= William Douglas of Balgillo =

British Army officer

Colonel Sir William Douglas (c. 1778 – 25 August 1818) K.C.B., was a British Army officer during the Napoleonic Wars.

==Biography==
He was the son of William Douglas of Brigton (died 1814), and his wife Elizabeth Graham, daughter of Robert Graham, 11th of Fintry. He served at the Cape of Good Hope in 1795. He was promoted to major in 74th Foot on 4 December 1796. He joined the 91st Foot in 1798. He was promoted a brevet Lieutenant-Colonel 1 January 1800.

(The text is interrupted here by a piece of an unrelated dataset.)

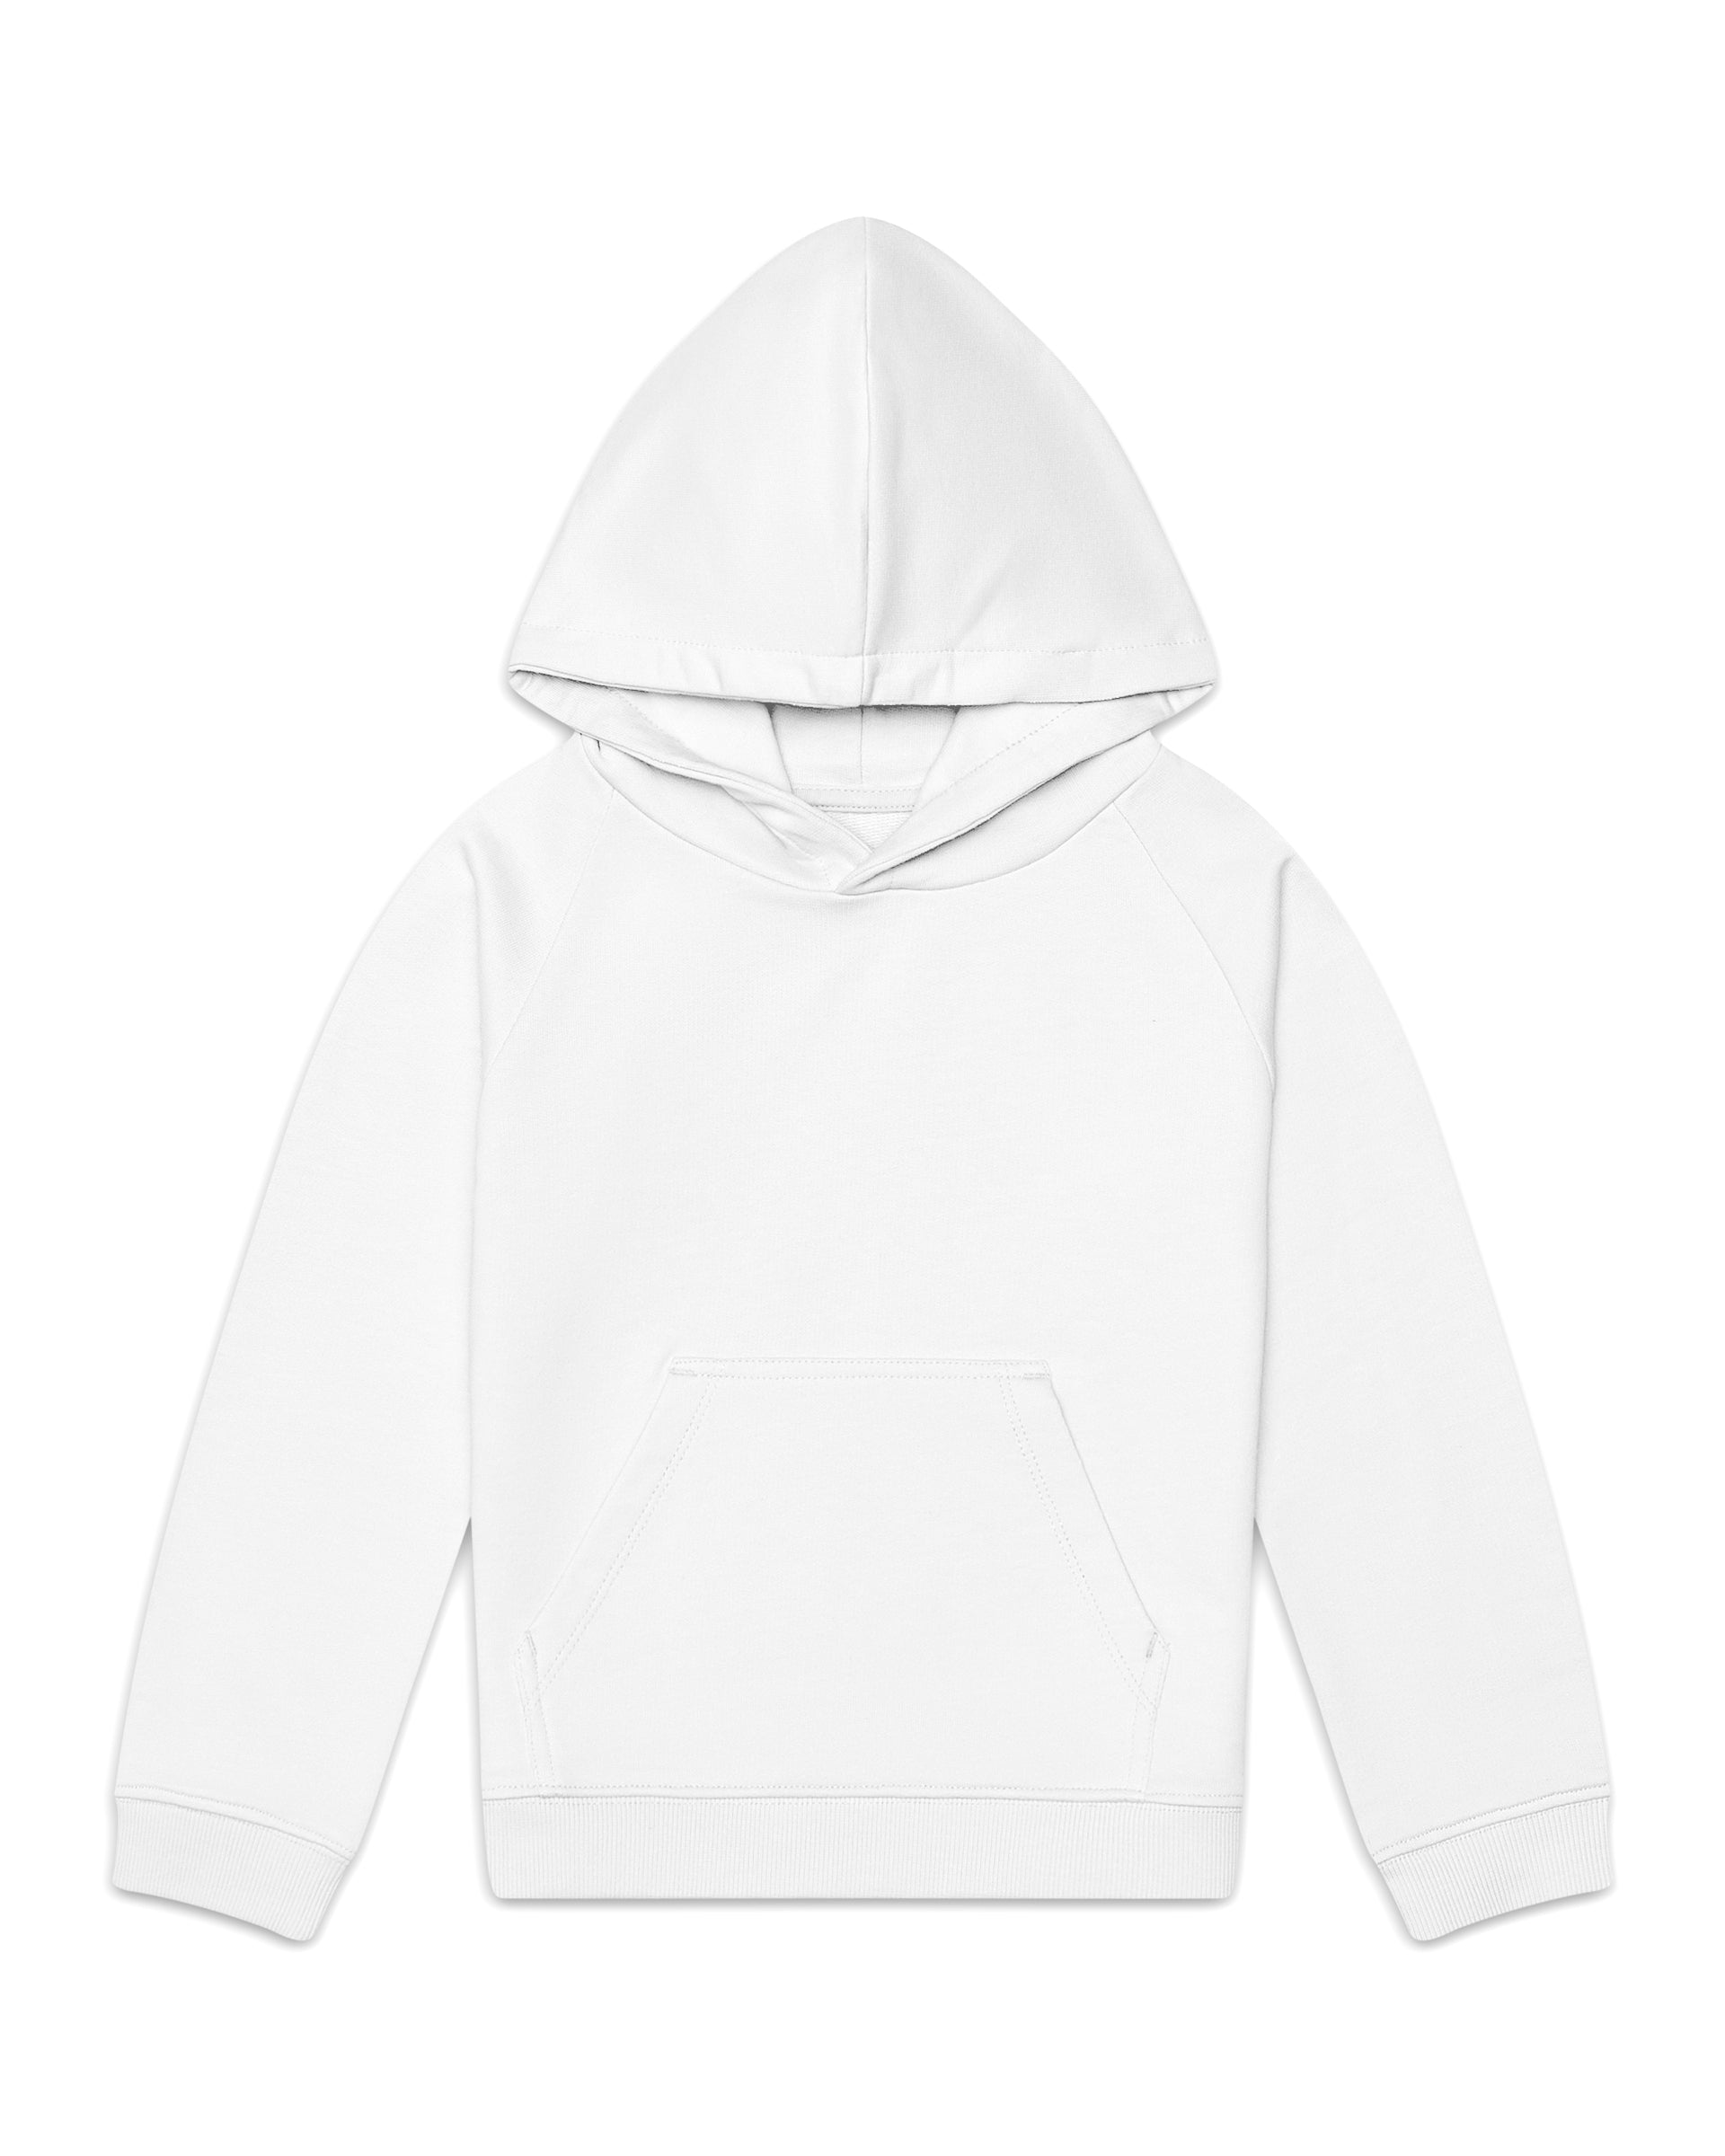 The Organic Hoodie Sweatshirt [White]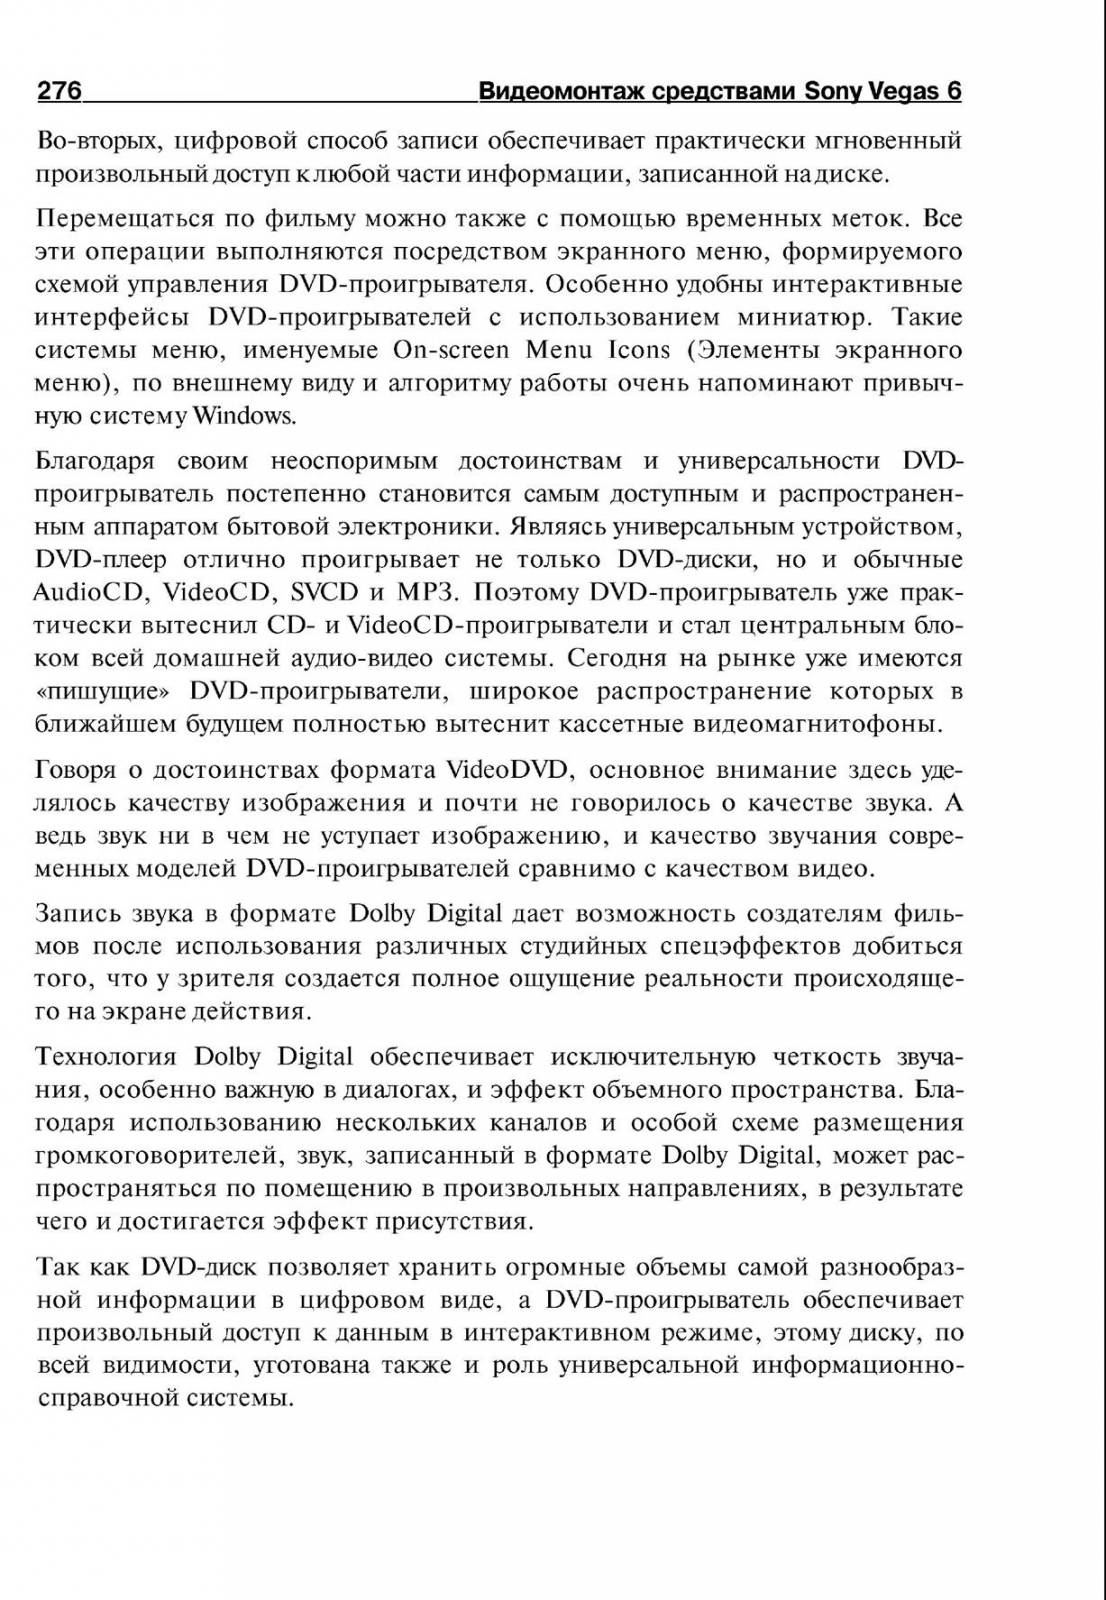 http://redaktori-uroki.3dn.ru/_ph/14/62331762.jpg

He served on the Hanover expedition in 1805 and fought in the Peninsular War from August 1808 to June 1809. While in theatre he was promoted to Lieutenant-Colonel of 91st Foot on 25 November 1808 and commanded the 1st Battalion from 1808 to 1818. He served in the Walcheren expedition of 1809; again in Iberia and then France under Wellington from January 1813 to April 1814. He obtained the rank of brevet Colonel on 4 June 1814. He served in Waterloo Campaign of 1815, during which he led one of the columns that stormed Cambray on 24 June 1815. He was awarded the Army Gold Cross (one of only 163 so honoured). He died in August 1818 at Valenciennes in France.